Steep Decline Predicted For Indonesian Coffee Harvests
Last October, analysts predicted that coffee production in Indonesia would fall by ten per cent. However, those same industry figures have revised their estimations downward.
The most recent projections display that many are now expecting a drop of around twenty percent, the result of the strongest and most disruptive El Nino weather pattern to hit Southeast Asia in the past two decades.
The upcoming harvest may only bring in 560,000 metric tons of coffee, compared to 700,000 tons this year.
Speaking on the data (that was originally published by Bloomberg), the U.S Department of Agriculture said that this forecasted drop would be the ‘steepest decline’ that the Indonesian coffee industry has seen since 2006-07.
“Dryness in Indonesia is textbook El Nino,” said the commodities analyst Carlos Mera Arzeno. Arzeno, who works for Rabobank, echoed estimations of a twenty percent decline in production and, in some way, admitted it could turn out worse than many people fear.
Plantations and farms at altitude, so far, have escaped the worst of the weather. Nevertheless, crops in lower lying areas, such as those in the key regions of Lampung, Sumatra and Java, are facing devastation and extensive damage by the prolonged drought that has blanketed the area.
A substantial decrease of coffee from Indonesia reaching the export market could have a positive effect on pricing, however.
“We expect robusta prices to go up to above $1,580 a ton by mid-2016, as a double-whammy of a lower robusta crop in Brazil and Indonesia hits the market from April onward,” Arzeno added.

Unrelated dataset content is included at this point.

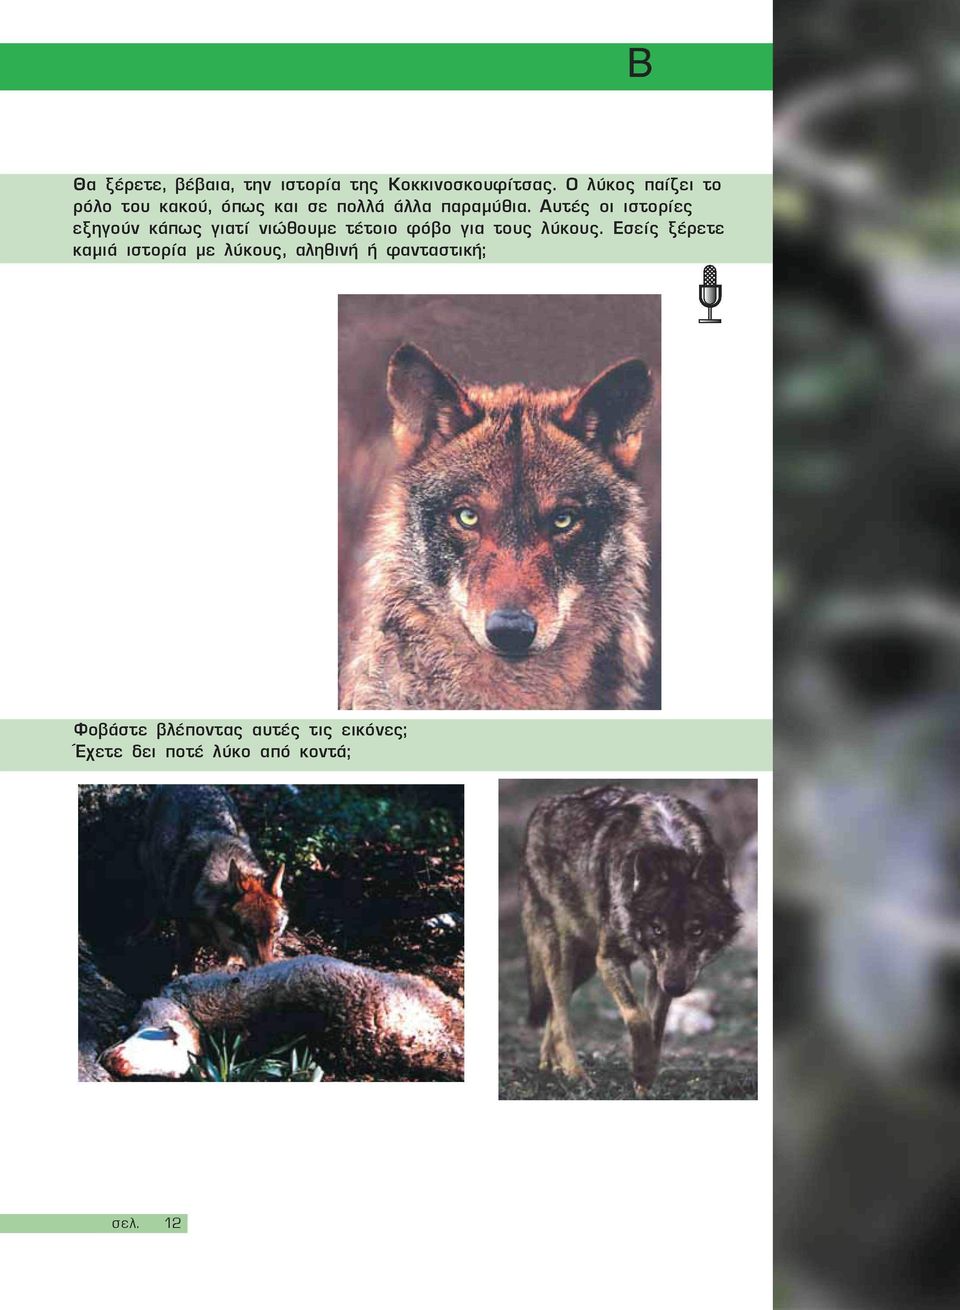 Αυτές οι ιστορίες εξηγούν κάπως γιατί νιώθουμε τέτοιο φόβο για τους λύκους.

According to Volcafe, the global market could face a shortage of 100,000 bags across the 2015-16 growing season.
Of course, Andrea Illy, the chairman and chief executive of Illycafe, warned that such shortages would become commonplace as consumer demand increases at the same time global warming reduces harvests. “We don’t know where this coffee will come from,” he said at last year’s Global Coffee Forum.
Robusta prices on the ICE Futures Europe exchange rose slightly on Tuesday morning, partly in response to the forecasts emanating from Southeast Asia.